Katie Couric Loses Her Memory

Her husband soon became concerned about Couric and took her to the hospital when she seemed out of it. Doctors thought she was having a stroke when she couldn't remember her own granddaughter. Couric "reintroduced herself to the nurses every time they came into the room."

An MRI ultimately ruled out a stroke. Doctors ultimately diagnosed her with transient global amnesia. "Which means you lost your short-term memory," Couric's doctor explained to her. "It will return tomorrow. You are safe!"

It wasn't until the next day that Couric got her memory back

"So for me, from about noon on Saturday until at least 7 p.m., what happened will stay in a big, black hole," Couric wrote. As for the exact cause, intense physical exertion, emotional distress, extreme temperature changes, or physiological strain can cause amnesia.

But Couric doesn't feel that was true in her case.

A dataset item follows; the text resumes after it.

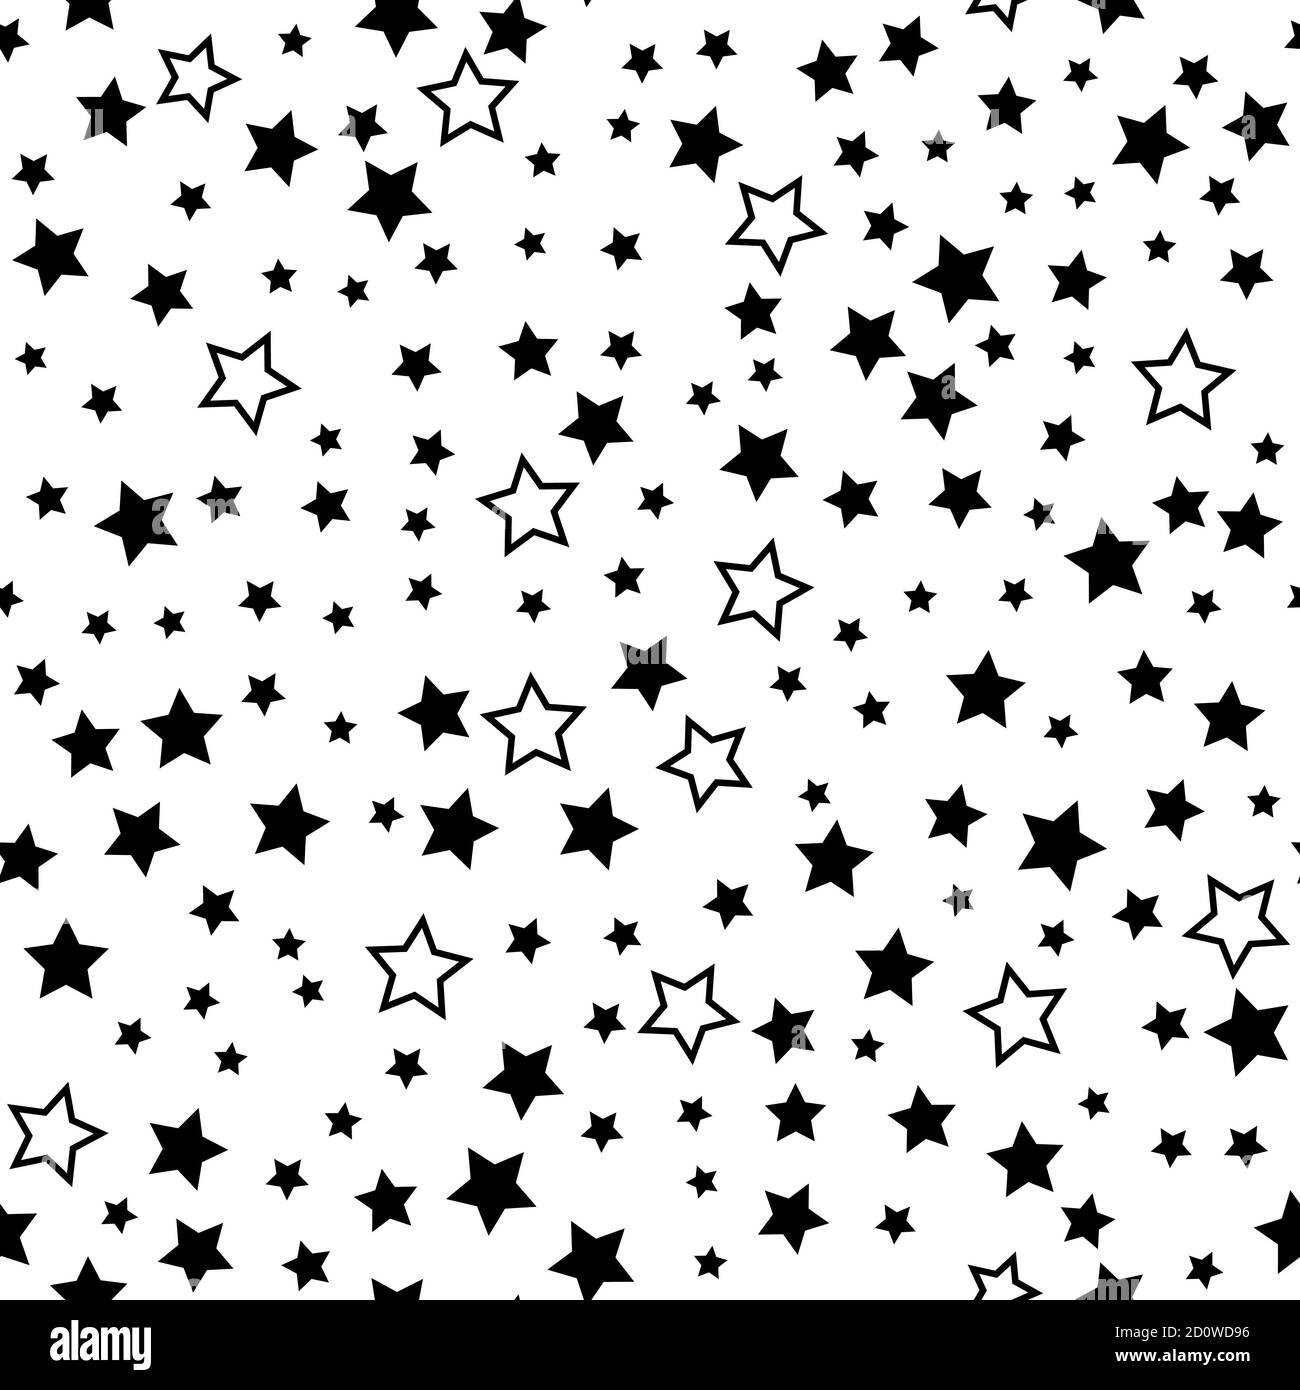 Star seamless pattern. Black stars on white retro background

"I can say with confidence that none of those activities brought on my TGA. The cause seems to be as mysterious as the brain itself. All I know is that those hours will be forever lost. Someone described it as my brain failing to hit the 'record button.' While this was a freaky occurrence, it could have been much more serious," she concluded.

"So ultimately, I'm relieved — even though several hours of a Saturday in June will always be missing for me."